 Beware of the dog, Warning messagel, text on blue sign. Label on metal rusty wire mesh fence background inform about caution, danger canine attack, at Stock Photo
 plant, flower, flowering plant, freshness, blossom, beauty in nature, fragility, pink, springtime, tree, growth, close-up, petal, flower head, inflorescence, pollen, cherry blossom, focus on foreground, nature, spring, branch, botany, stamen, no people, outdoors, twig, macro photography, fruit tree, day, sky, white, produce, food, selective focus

---

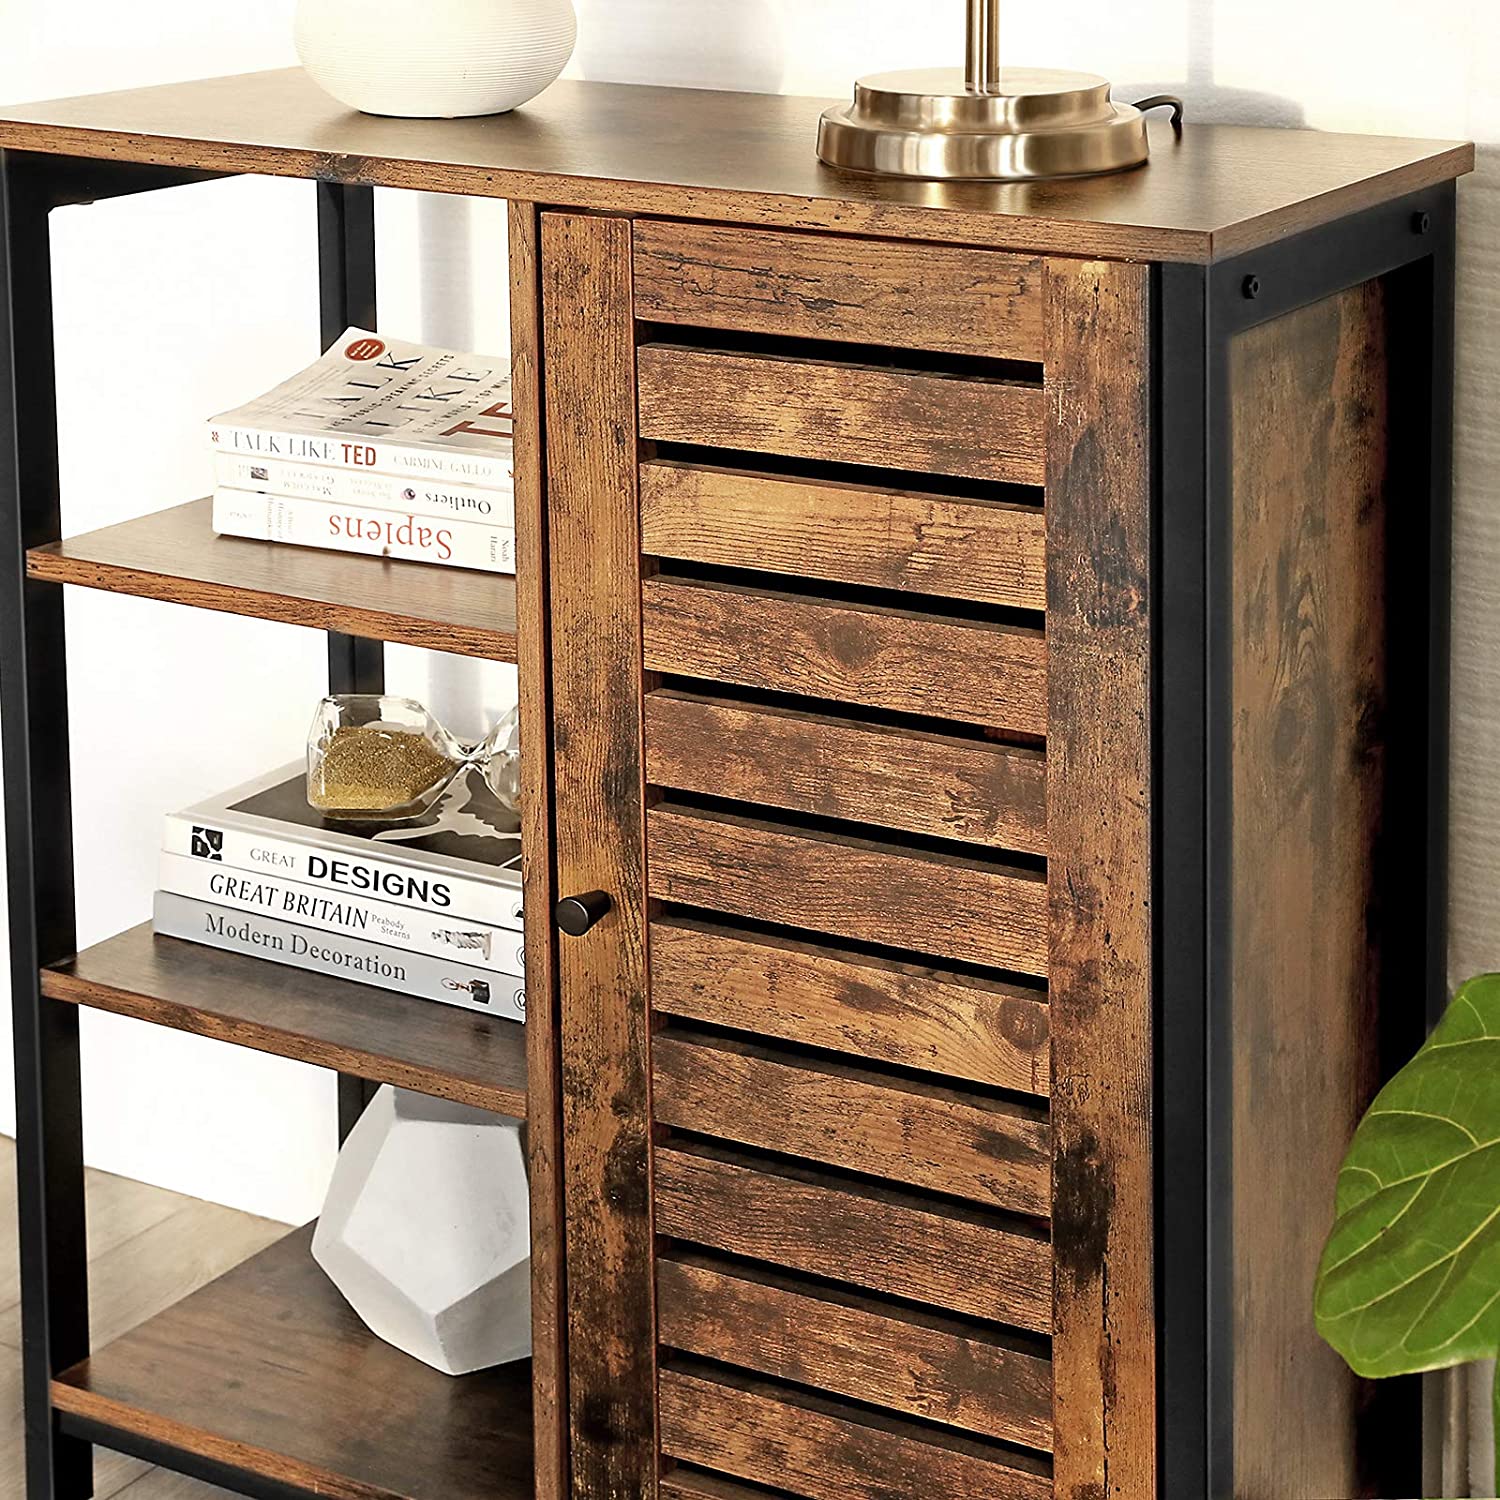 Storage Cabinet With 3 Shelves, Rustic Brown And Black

• [AIM OF THE EXERCISE]: Within the listing above, locate the line containing "Beware of the" and the line containing "plant, flower, flowering". Reproduce those two lines and all lines between them exactly, with nothing added.

• [SOLUTION TO THIS PROBLEM]:
 Beware of the dog, Warning messagel, text on blue sign. Label on metal rusty wire mesh fence background inform about caution, danger canine attack, at Stock Photo
 plant, flower, flowering plant, freshness, blossom, beauty in nature, fragility, pink, springtime, tree, growth, close-up, petal, flower head, inflorescence, pollen, cherry blossom, focus on foreground, nature, spring, branch, botany, stamen, no people, outdoors, twig, macro photography, fruit tree, day, sky, white, produce, food, selective focus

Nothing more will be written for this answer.